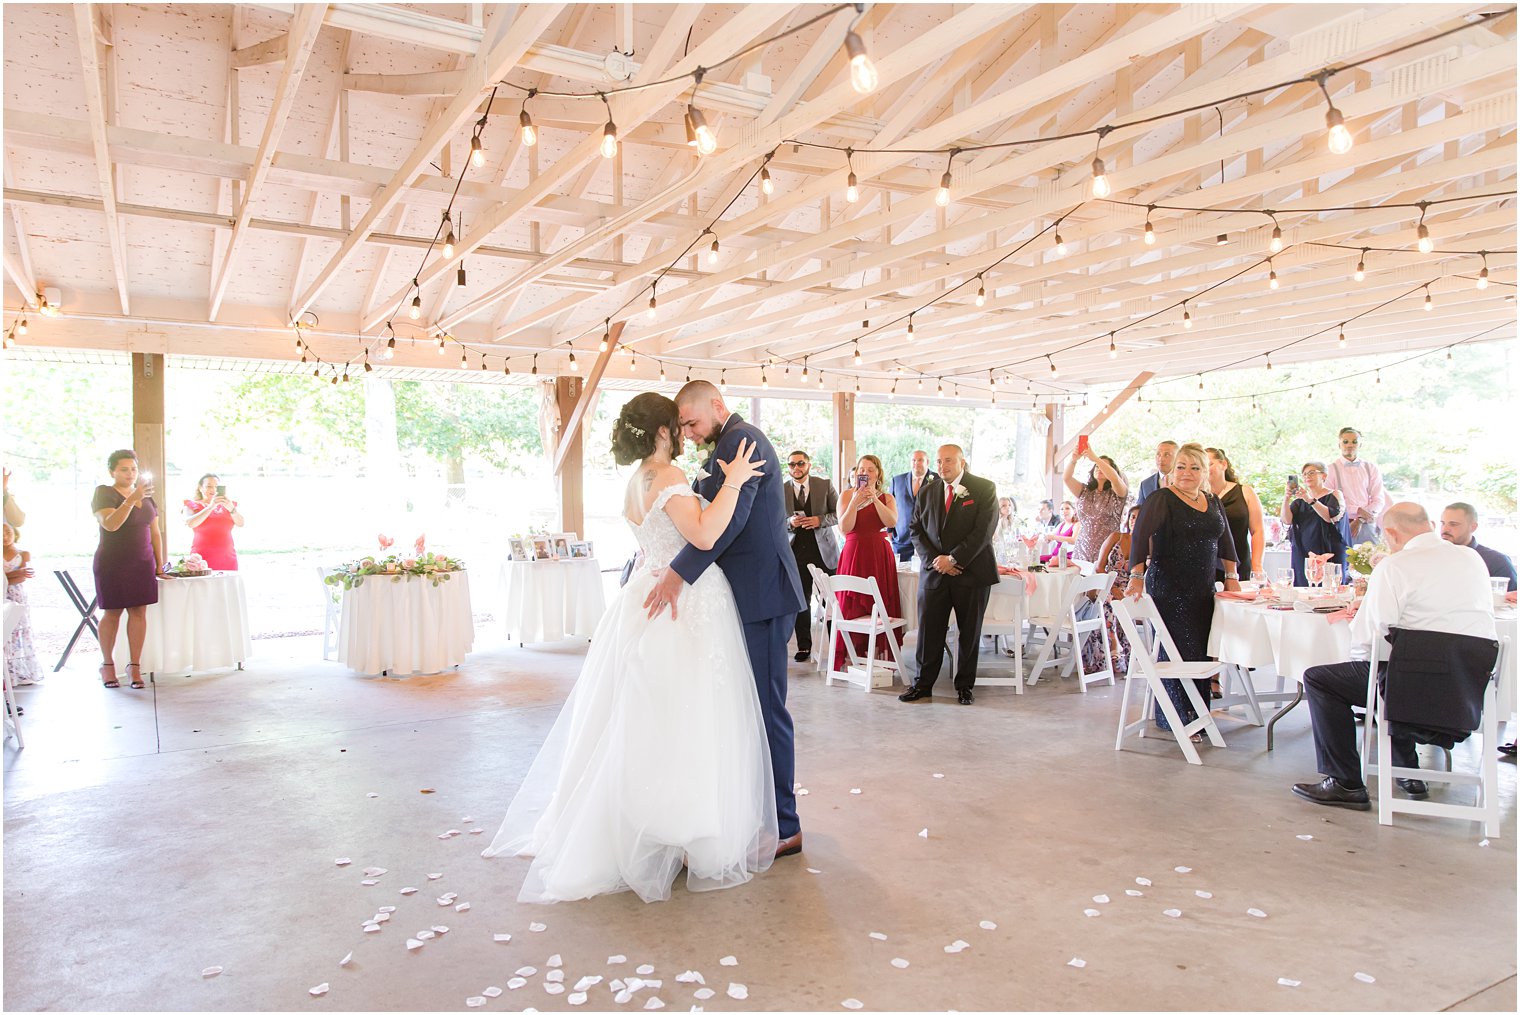 newlyweds dance together in pavilion at Rutgers Gardens
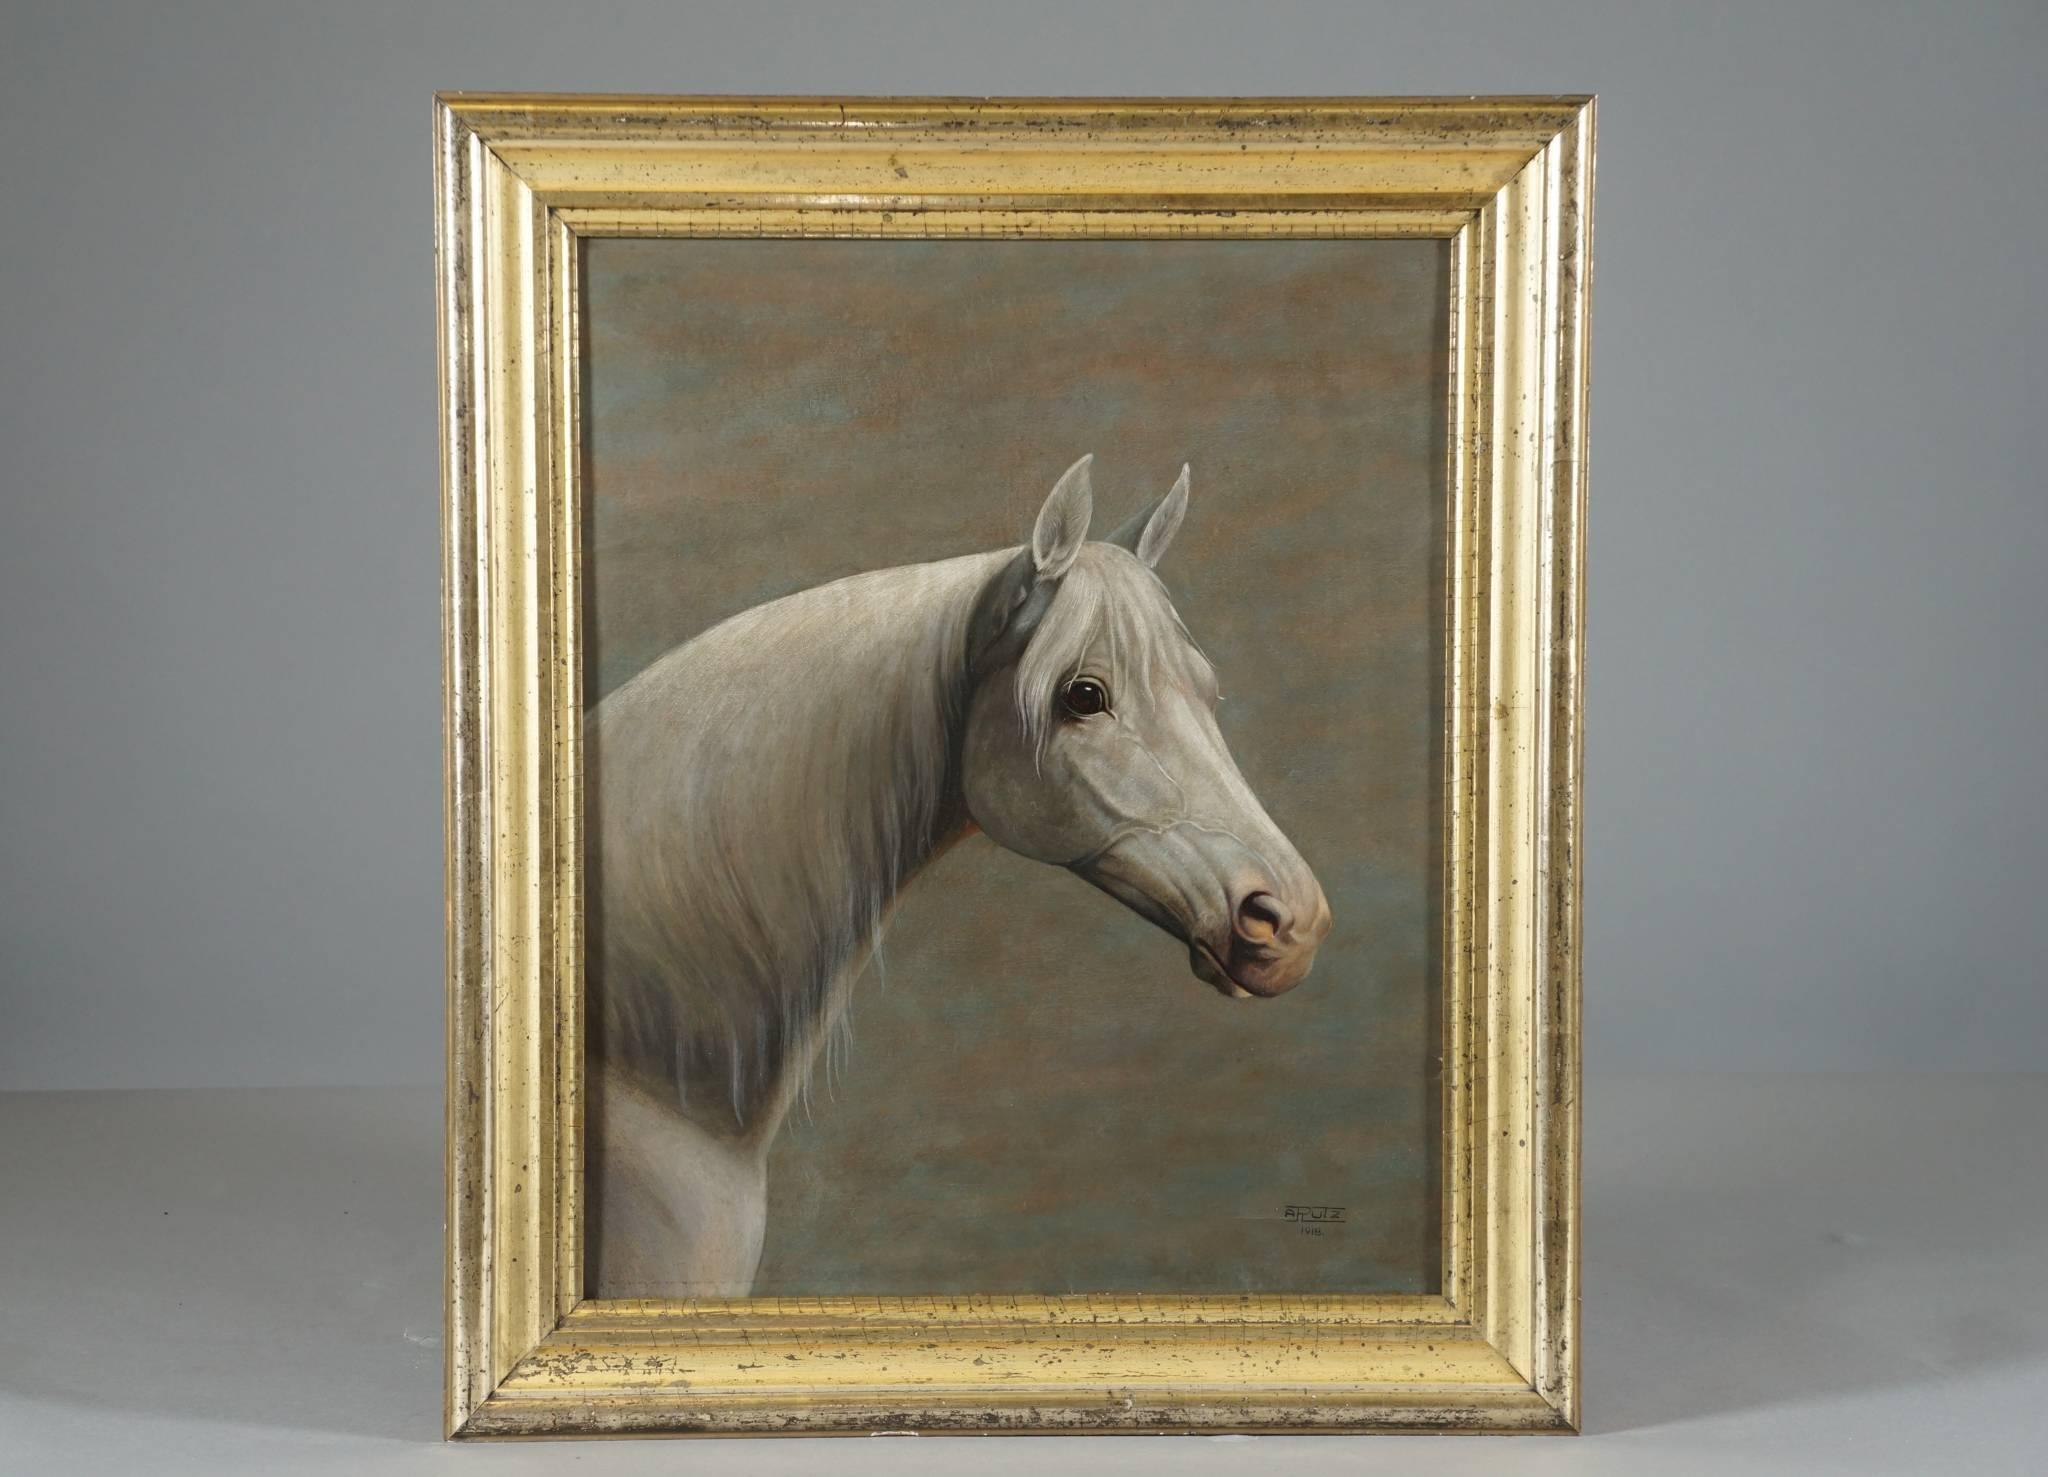 Andres Rutz, a Danish painter, who worked in Copenhagen in the first decade of the 20th century. This stunning/handsome portrait of a Racing horse
The painting is signed A Rutz and dated 1918
The canvas measures 16.5 W x 20 high
The gilt frame

————

### ABOUT THIS TASK
Exact copies of the lines from the one holding "The canvas measures 16.5 W x 20 high" through the last line above, and only those, make up the answer.

### RESULT FOR THIS TASK
The canvas measures 16.5 W x 20 high
The gilt frame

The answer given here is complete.